Sunday 18 November 2012

SMALL PLEASURES

There are times, I admit, that I reckon my life would be easier if I had one of those super modern gas fires that look like fluttering flames around a few logs in the fireplace, and the illusion -- as well as the heat -- could be acquired with the flick of a switch. But for me to achieve the same effect, I must hie myself down to the wood pile beneath the terrace and fill up two big blue plastic IKEA bags with logs and kindling, and haul them up the stone steps into the house and unload them in the woodbox... And then, cleaning the glass doors on the fireplace insert... And then, the matter of setting the fire with crumpled newspapers and twigs gathered on my walks in the hills... And then, feeling as if I am accomplishing my Girl Guide Badge in firelighting, one match and.... no, it'll take a second, it almost always does. But soon, the fire is blazing, and I have burned a few calories myself in getting it started. So that's the payoff... that, and the physical effort that puts me in touch with the world.

(And yes, I know that since we've read the recent story in the international press about IKEA using slave-prisoner labout in East Germany in the 1980s that I should boycott it, but hey, the bags are so useful, and I already have them here, okay?)

It is getting colder as each week passes, and that's why I close down LE MAS BLANC WRITER'S RETREAT until the springtime. Staying in the barn during the winter would require an electric  heater to be on most of the time, and with the cost of electricity as it is in France, it wouldn't be a sensible plan, or even a comfortable one, at all... So this is just to say that the retreat opens again in  mid-March, and the last two weeks of March are already booked by Lindy,  a writer from Kingston, Ontario... You might want to visit HER blog, especially if you've  already been enjoying my friend Kim Moritsugu's food blog THE HUNGRY NOVELIST.... www.hungrynovelist.wordpress.com/

 Lindy's blog is mainly dedicated to recipes from a small restaurant in the Kingston area,
and you can access the blog by going to www.lindymechefske.com (A Taste of Wintergreen).
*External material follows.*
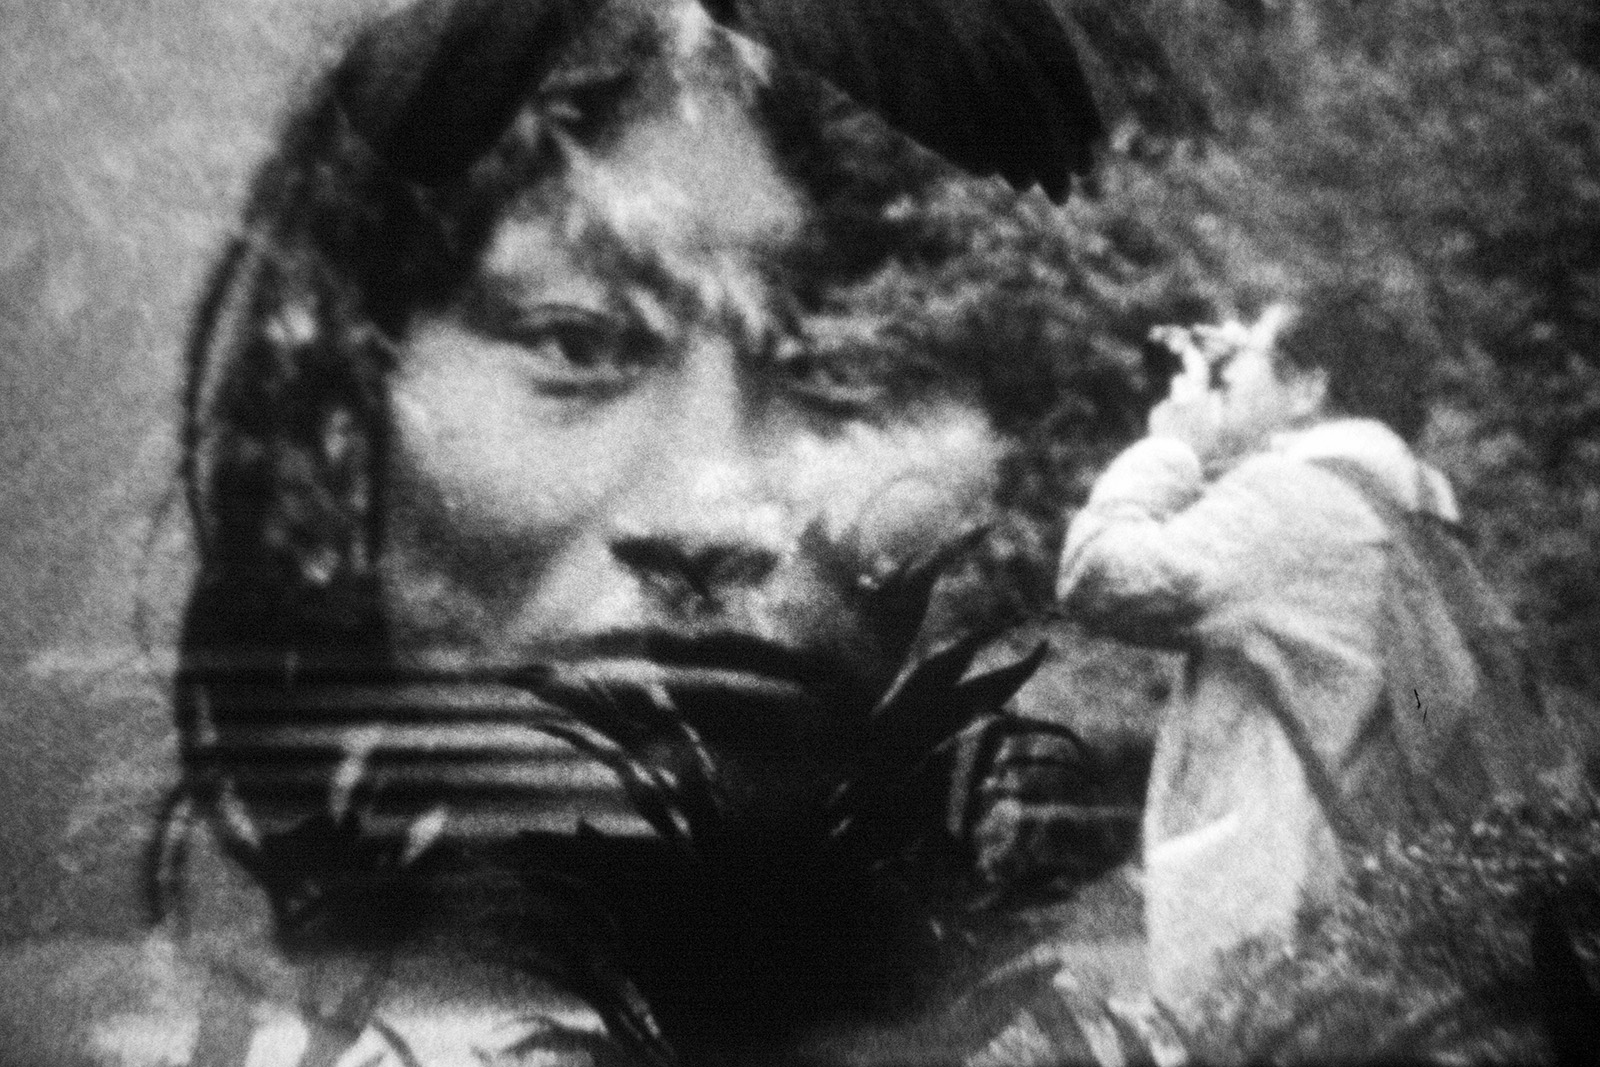 Ein Mann fotografiert einen Bildschirm, der das Gesicht einer indigenen Person zeigt

So the barn -- and its cozy bedsitting room -- are ready for occupancy from April through to June, and I am hoping for a range of writers and artists who will find the space inspiring -- and perhaps inspire me as well. The landscape here presents a wonderful challenge to photographers and painters, and the absolute quiet of this place -- le Mas Blanc -- provides an excellent spot for writers or composers or musicians who need silence. ( I do admit, I am hoping for a cellist to come some day....)

In the last few weeks, having a series of visitors from Canada and Australia, I took  several of these women visitors up to the village of St. Hippolyte to a small shop called simply L'Atelier... This is where I have been buying my clothes for the last five years, and I have been happy to be able to share this magic place ...And now, in Amsterdam, Melbourne, Canberra, Victoria, Toronto, Marysville and San Jose, Costa Rica, there are women wearing beautiful clothes designed and sewn by my friend Michelle and her various assistants.  What is magic about this shop is that these women visitors come in an array of sizes and ages with varied tastes and requirements for their wardrobe... And each one of them seems able to find just the right dress, or jacket, or perfect little skimmy "top" or pullover or tunic or pair of pants.. and every one of them walks away feeling that she has now found her best look ever.

How Michelle accomplishes this is a mystery, and I am soon going to be interviewing her to discover her secrets. Strangely, I've never cared much about clothes until I came across L'Atelier, and this has quite changed my life... and influenced the way I think not only about myself, but about how we present ourselves  -- in our physical lives, and in our literary lives, as well... Presentation is all about style, isn't it?  And a writer who has an authentic voice is one who feels comfortable in  herself or himself and who uses language that is appropriate to that "self"...When we say that we admire a fine writer's "Style", I think we mean the voice is true, not false... just as the best clothing is that in which we feel absolutely comfortable, as if we belong in whatever we're wearing.